С поездом у меня связано воспоминание о еще одном «предмете» моей фантастической коллекции. Ездил я, с пяти лет, всегда один – родитель вверял меня на полсуток проводнице, а на станции меня забирала бабка. Однажды, лежа на нижней полке в темном купе головой от окна (чтобы не продуло), я обнаружил в низу двери короткие щели, сквозь которые проникал свет из вагонного коридора. За дверью ходили люди, и я свесился головой вниз, чтобы подсматривать за ними. Конечно, я не видел ничего кроме их ног, но и этого мне было достаточно, чтобы ощутить себя привилегированным зрителем, наблюдающим то, чего никто и никогда не увидит.
Пьеса с участием чужих ног закончилась неожиданно, когда я вдруг обнаружил, что лежу не на полке, а на коврике между койками, сверху меня прикрывает матрас и чьи-то руки пытаются выдрать меня из-под него.
Больше я к этому ракурсу никогда не возвращался, тем не менее он оставил по себе дивное, вполне приятное впечатление. Я бы даже сказал, изысканное.
Бабка моя была крепко верующей, строгой, неласковой. Жила она по каким-то своим, непонятным мне правилам. Мне в ее доме предоставлялась полная свобода действий, ограничивавшаяся, однако, линией забора вокруг бабкиной избушки. Ограничение это было вполне добровольным с моей стороны – я находил массу интересных видов и объектов созерцания в огородных реалиях и не испытывал влечения к пагубному влиянию улицы. Я перетряхивал рухлядь в сарае, ползал вместе с муравьями по веткам яблонь, отыскивал пути на самый верх здоровенной поленницы, тайно объедал кусты с ягодами и часами изучал жизнь насекомых, кипевшую в мусорной яме. И был весьма доволен подобным времяпрепровождением.

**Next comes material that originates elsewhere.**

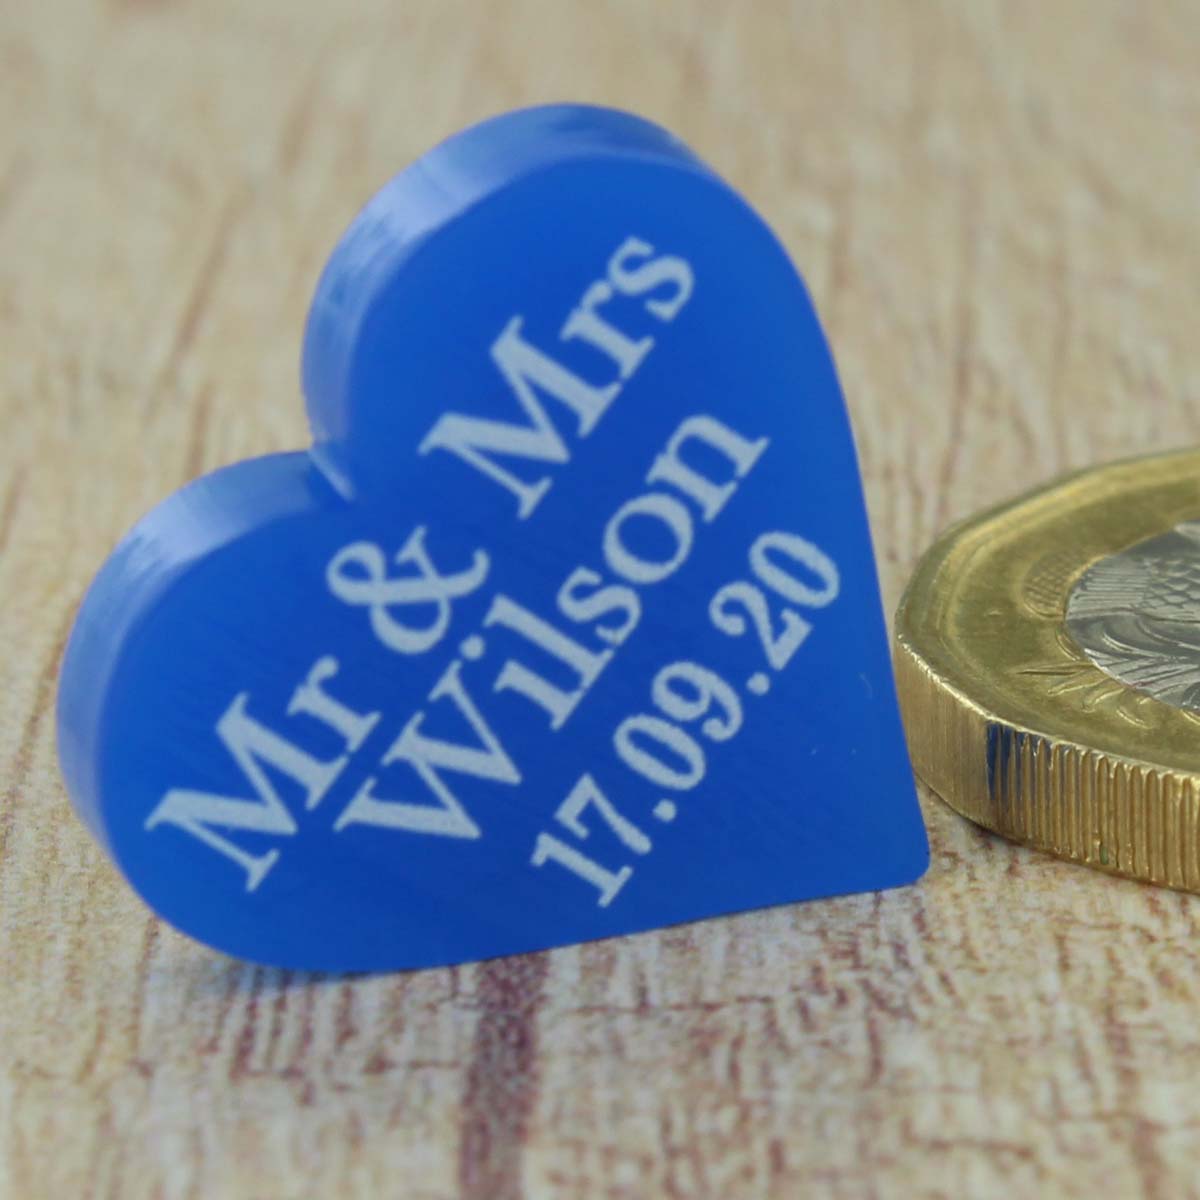 Personalised Wedding Favours - Glossy Dark Blue Acrylic Love Hearts

Иногда я наблюдал и за бабкой, особенно в те моменты, когда ее поведение становилось необъяснимым для меня. В избе у нее был оборудован особый угол для молений – с образами, лампадками и тонкими, как веточки, свечами, почти всегда зажженными. Едва ли не каждый день она подолгу простаивала на коленях в этом углу, отвернувшись от всего мира, и что-то негромко бормотала. С высоты своих нескольких лет я никак не мог объяснить себе эти бабкины действия. Картинки с темными, неправдоподобными лицами, которым она кланялась, были мне неинтересны и не шли ни в какое сравнение с прельщающей мой взор мусорной ямой. Я лишь догадывался, что для нее они имели примерно то же значение, что яма – для меня, то есть были бабкиной точкой зрения на мир, тем особенным ракурсом, который каждый когда-нибудь находит сам для себя. Я свой особый ракурс тогда еще не отыскал и потому тайно следил за молящейся бабкой, пытаясь разгадать, что это за штука такая. Но, конечно, у меня ничего не получалось. Я только сообразил, что она каким-то образом вплетает в этот свой ракурс и меня, когда несколько раз уловил в ее бормотаниях собственное имя.
Часто она брала меня с собой в церковь, стоявшую неподалеку. В одно из первых таких посещений этого странного дома с высоченным потолком, а вернее сказать, вовсе без потолка, с одной лишь крышей, со мной проделали там нечто странное. Меня водили кругом, окунали в воду, дали съесть что-то невкусное – и в результате всех этих действий, которые я счел приобщением к бабкиному ракурсу, на моей шее обосновался маленький крестик на цепочке. Бабка строго наказала мне никогда его не снимать, и я, не знаю почему, носил его всю жизнь, даже после того, как бабка померла.